* [Work order]: Copy exactly every line below, from the first through the one that contains "活動期間於活動地點使用「台灣 Pay」QR Code", and skip all pictures.

* [Data below]:
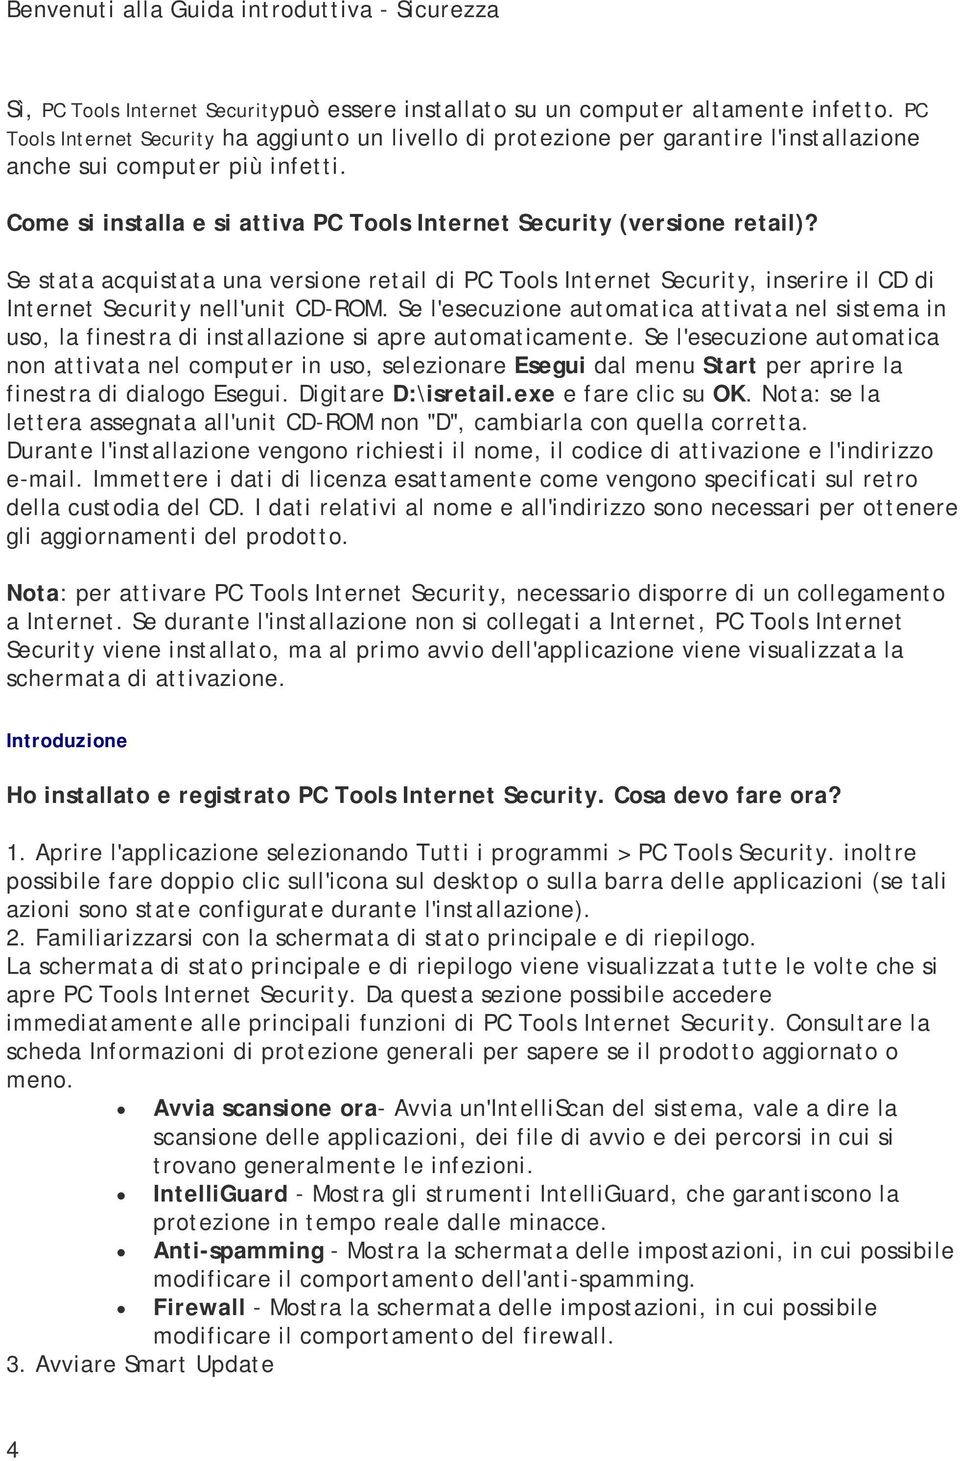 Se stata acquistata una versione retail di PC Tools Internet Security, inserire il CD di Internet Security nell'unit CD-ROM.
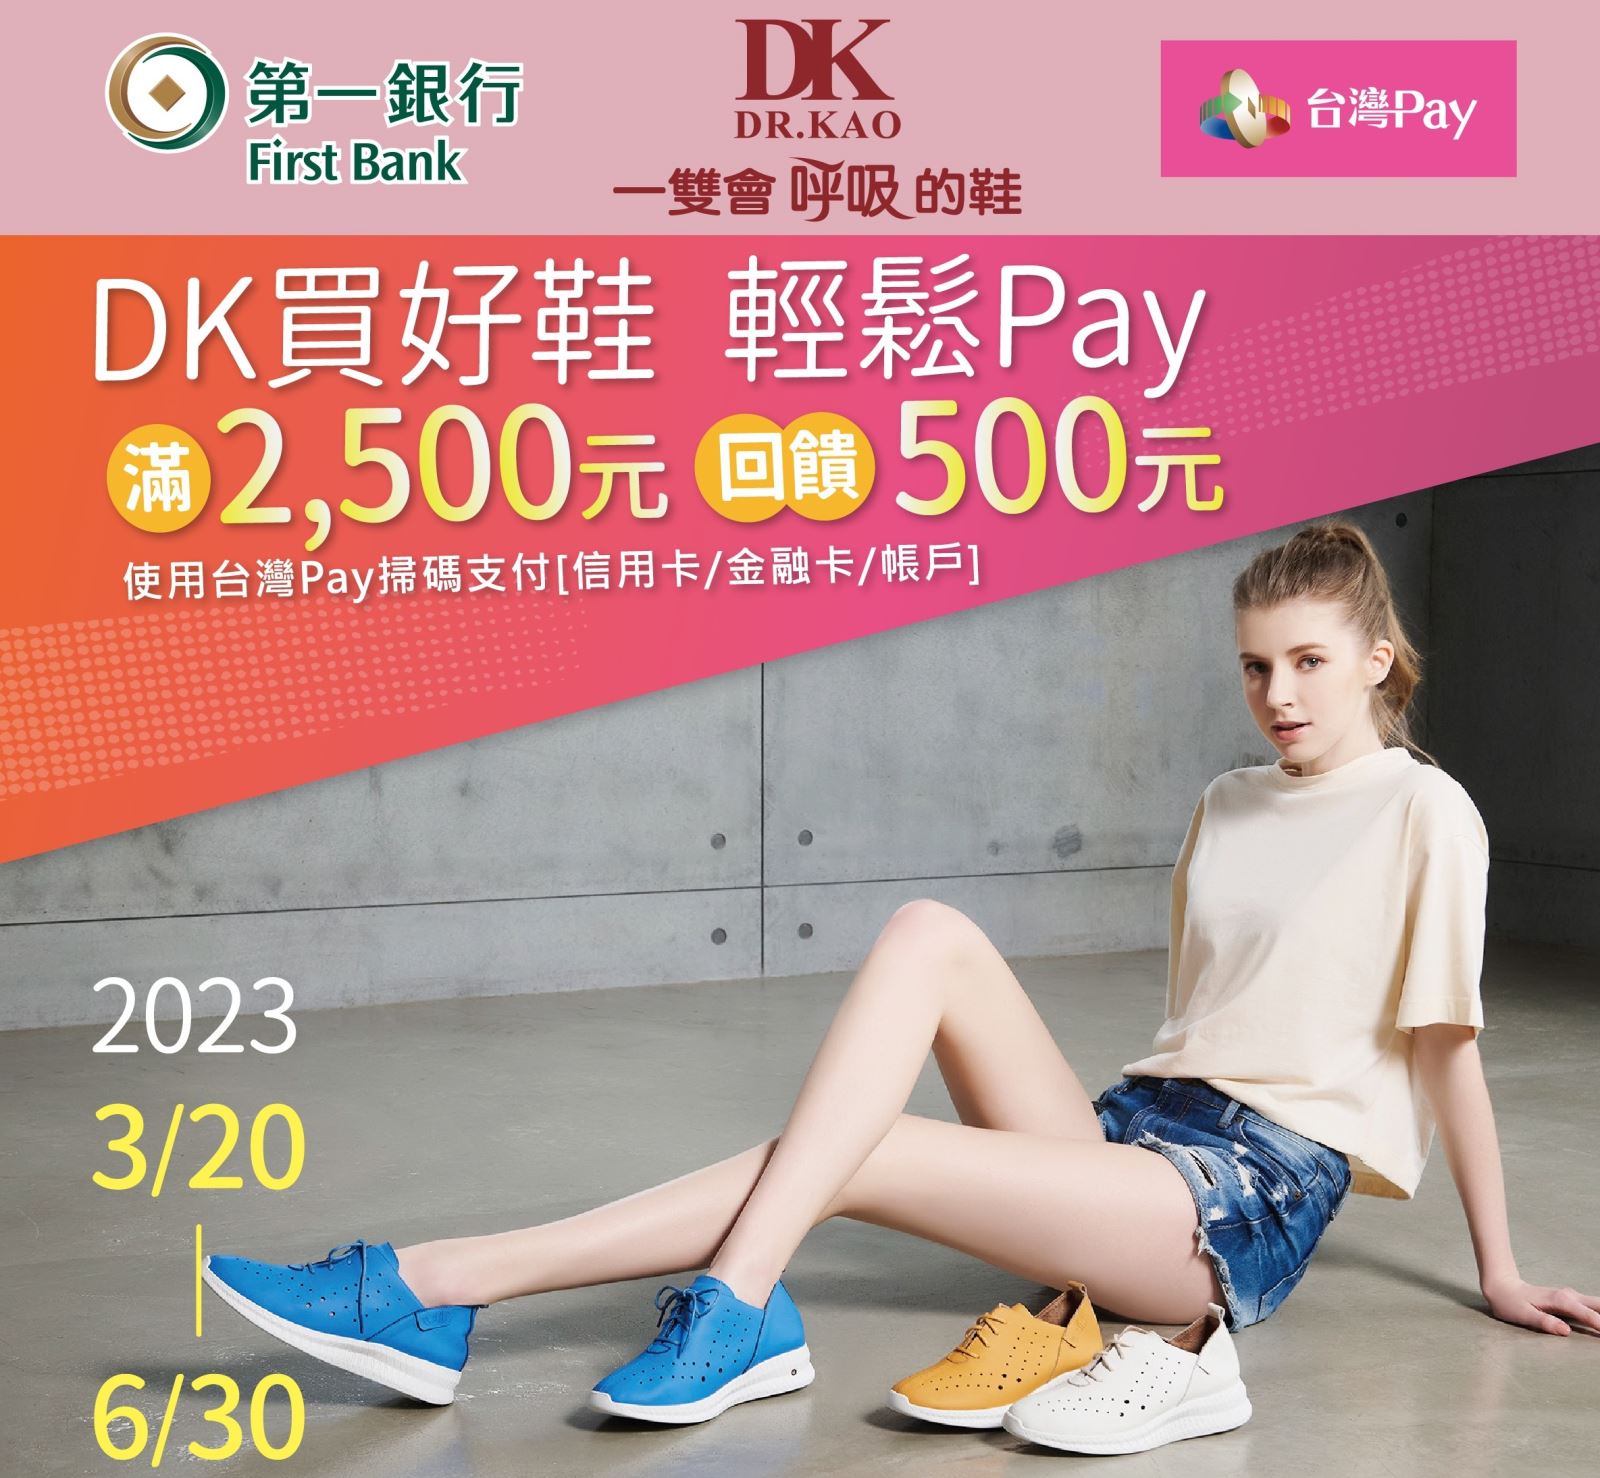 活動期間於活動地點使用「台灣 Pay」QR Code 掃碼進行支付，單筆消費金額滿新臺幣2,500 元以上，可享 500 元現金回饋，活動期間每一金融卡/帳戶/信用卡最高回饋上限為 1,000 元。
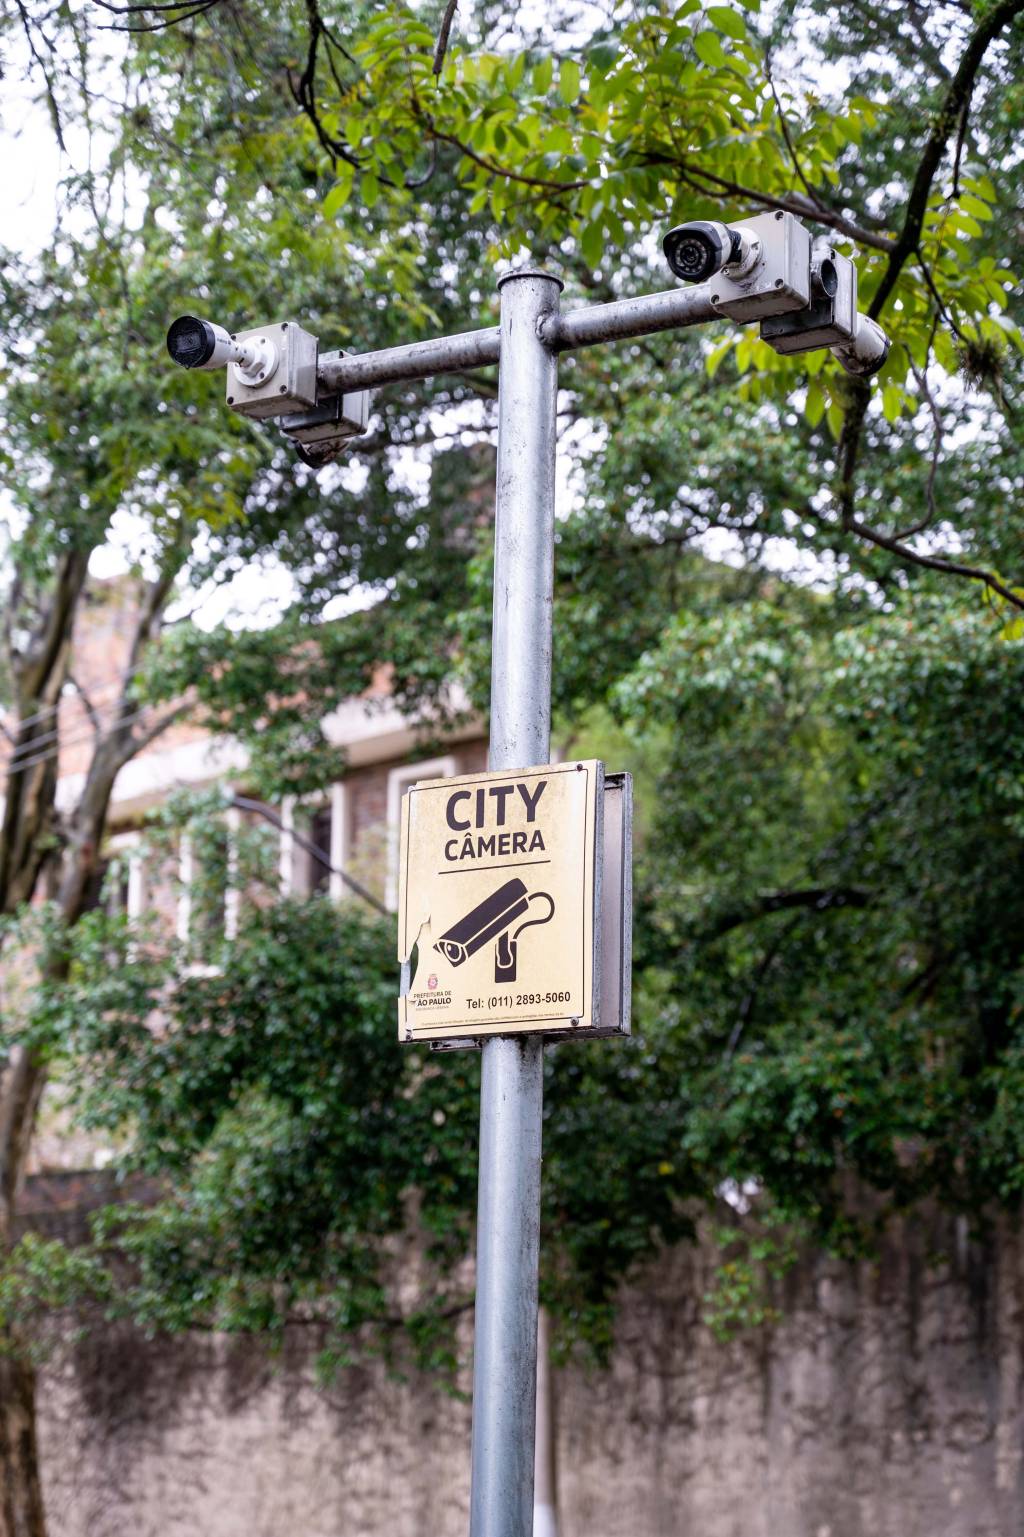 Poste com duas câmeras de monitoramento, uma em cada extremidade. Abaixo há uma placa amarela onde se lê "City Câmera"

* [Solution]:
 Se stata acquistata una versione retail di PC Tools Internet Security, inserire il CD di Internet Security nell'unit CD-ROM.
 活動期間於活動地點使用「台灣 Pay」QR Code 掃碼進行支付，單筆消費金額滿新臺幣2,500 元以上，可享 500 元現金回饋，活動期間每一金融卡/帳戶/信用卡最高回饋上限為 1,000 元。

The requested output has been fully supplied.